Using the listing below, set down exactly the lines from the one that contains "背中のワンスターは本革仕様、vansonは本革切り文字。" through the one that contains "collezione di finestre", with no pictures.

[Data for the task]:
+++++

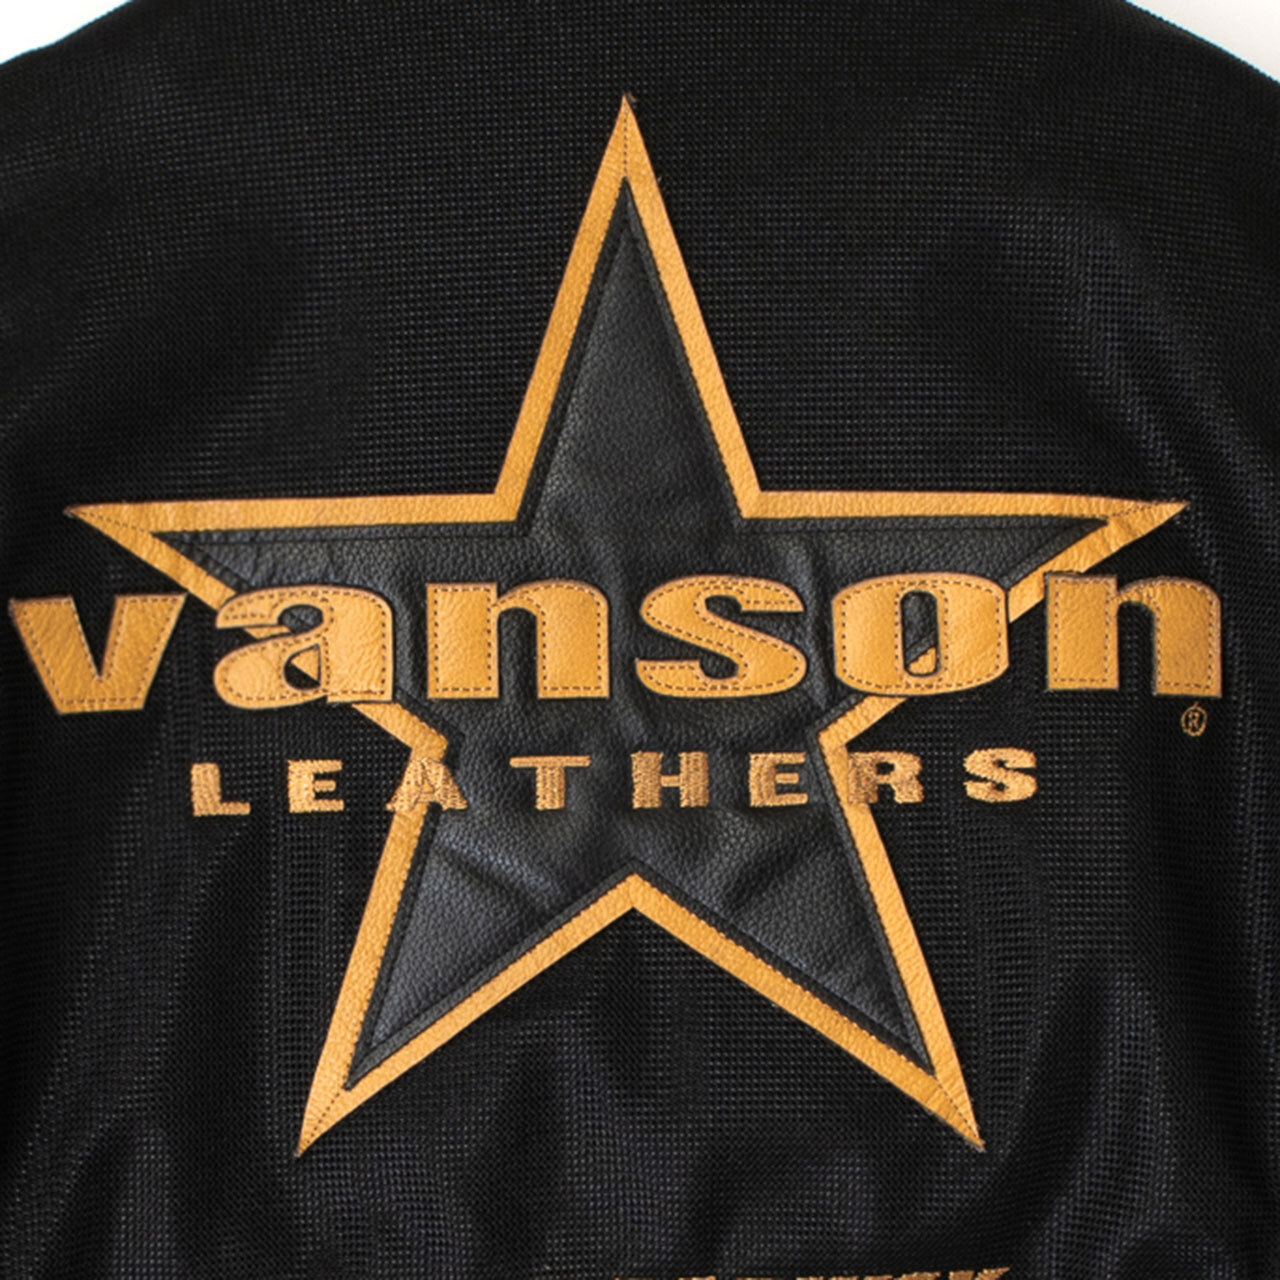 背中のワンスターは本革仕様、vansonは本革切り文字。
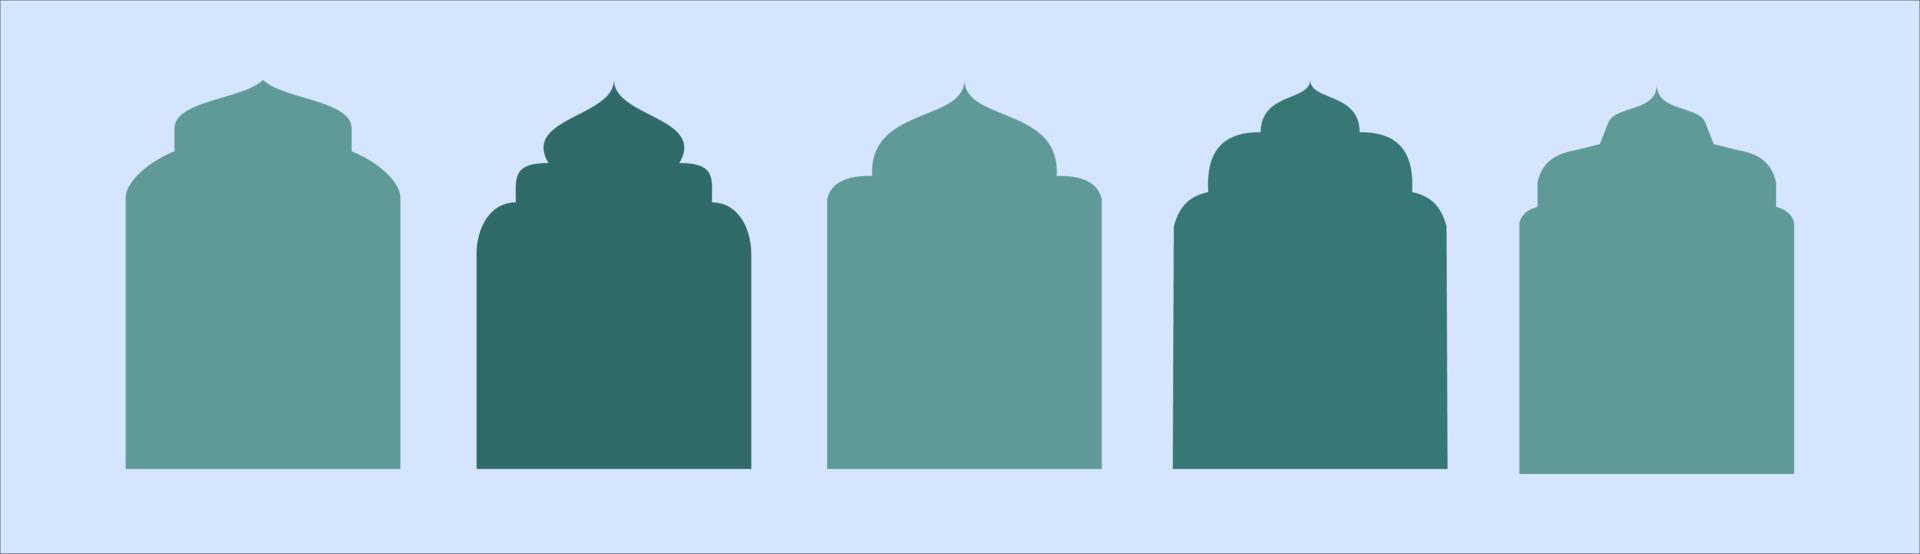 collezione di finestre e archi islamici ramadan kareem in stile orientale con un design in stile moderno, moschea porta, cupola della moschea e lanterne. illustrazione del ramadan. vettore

+++++

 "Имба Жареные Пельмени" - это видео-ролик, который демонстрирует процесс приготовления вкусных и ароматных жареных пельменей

+++++

[Written solution]:
 背中のワンスターは本革仕様、vansonは本革切り文字。
 collezione di finestre e archi islamici ramadan kareem in stile orientale con un design in stile moderno, moschea porta, cupola della moschea e lanterne. illustrazione del ramadan. vettore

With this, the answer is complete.